Shanghai lockdown: China struggles to maintain key supply chains amid ‘dynamic zero’ Covid-19 policy
- Only 70 per cent of the 666 approved Shanghai enterprises had resumed some level of production as of Sunday, Chinese media reported
- Tesla, along with other high-profile carmakers, are given preferential treatment for being ‘companies that must resume production’, according to local authorities

Shanghai authorities are struggling to keep the supply chains of key industrial sectors like cars and chips on track amid the city’s ongoing Covid-19 lockdown, with fewer than three quarters of the several hundred enterprises that received a green light to resume production a week ago able to do so.

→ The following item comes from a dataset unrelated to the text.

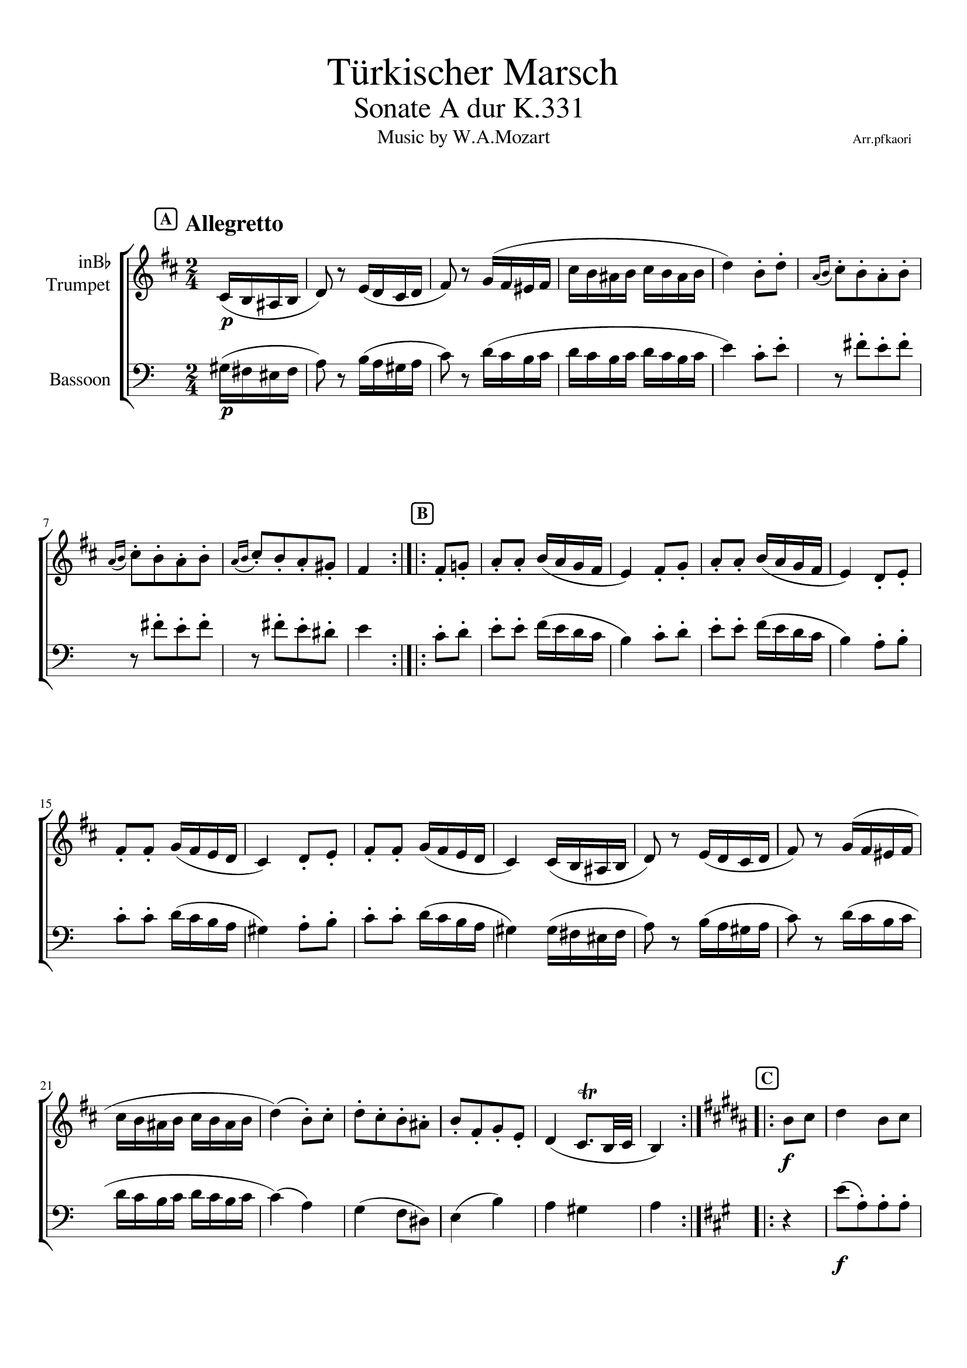 モーツァルト - トルコ行進曲 (トランペット&ファゴット/無伴奏) by pfkaori

“A supply chain only works if all the links are acting equally in unison,” said Tu Le, managing director of mobility consultancy Sino Auto Insights. “That includes workers at the manufacturers and suppliers [and] truckers on the inbound and outbound side … if any one of those links fails, the entire system may run slowly or not at all.”

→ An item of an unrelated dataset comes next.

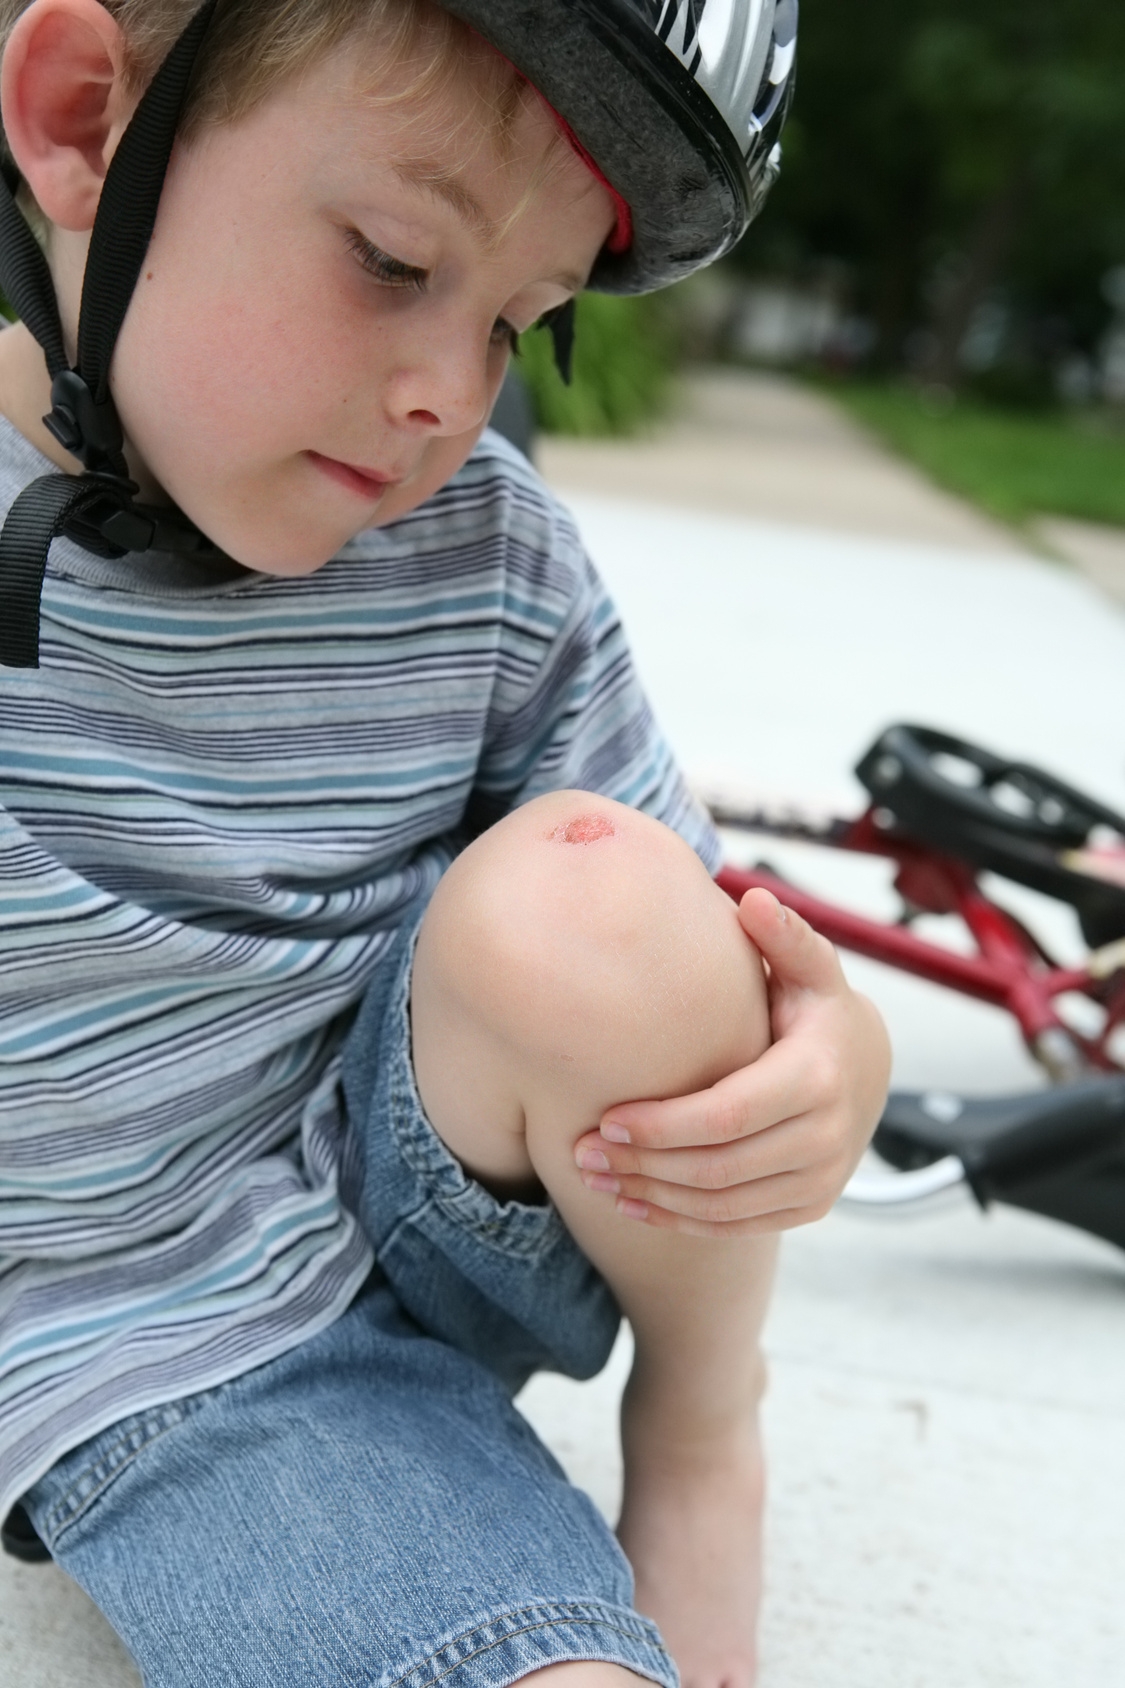 Детские травмы фф. Мальчик упал с велочэсипеоа.

China’s efforts to keep the Covid-19 Omicron variant under control have led to rigid local testing and quarantine regimes that have fragmented the country into impenetrable blocks. The problem has become so serious that Vice-Premier Liu He has instructed local authorities not to delay truck drivers on the road for testing.
The requirement for closed loops means that workers must sleep on site with zero outside contacts. Most factories can accommodate only a small fraction of their full workforce on site, so even if production resumes, it is usually at greatly limited capacity. For example, Tesla’s Shanghai electric vehicle factory was operating at 50 per cent capacity.
Chip makers have been able to continue producing wafers because they can house workers in existing dormitories. Hua Hong Semiconductor, a Shanghai-based wafer foundry, ordered more than 6,000 of its workers to stay at its dormitories to minimise disruptions to production, according to a local television news report earlier this month.
However, chip makers face logistical bottlenecks in shipping goods in and out of the city. “What can be produced can’t be shipped out,” said Lei Bai, a Shanghai-based integrated circuit sales manager.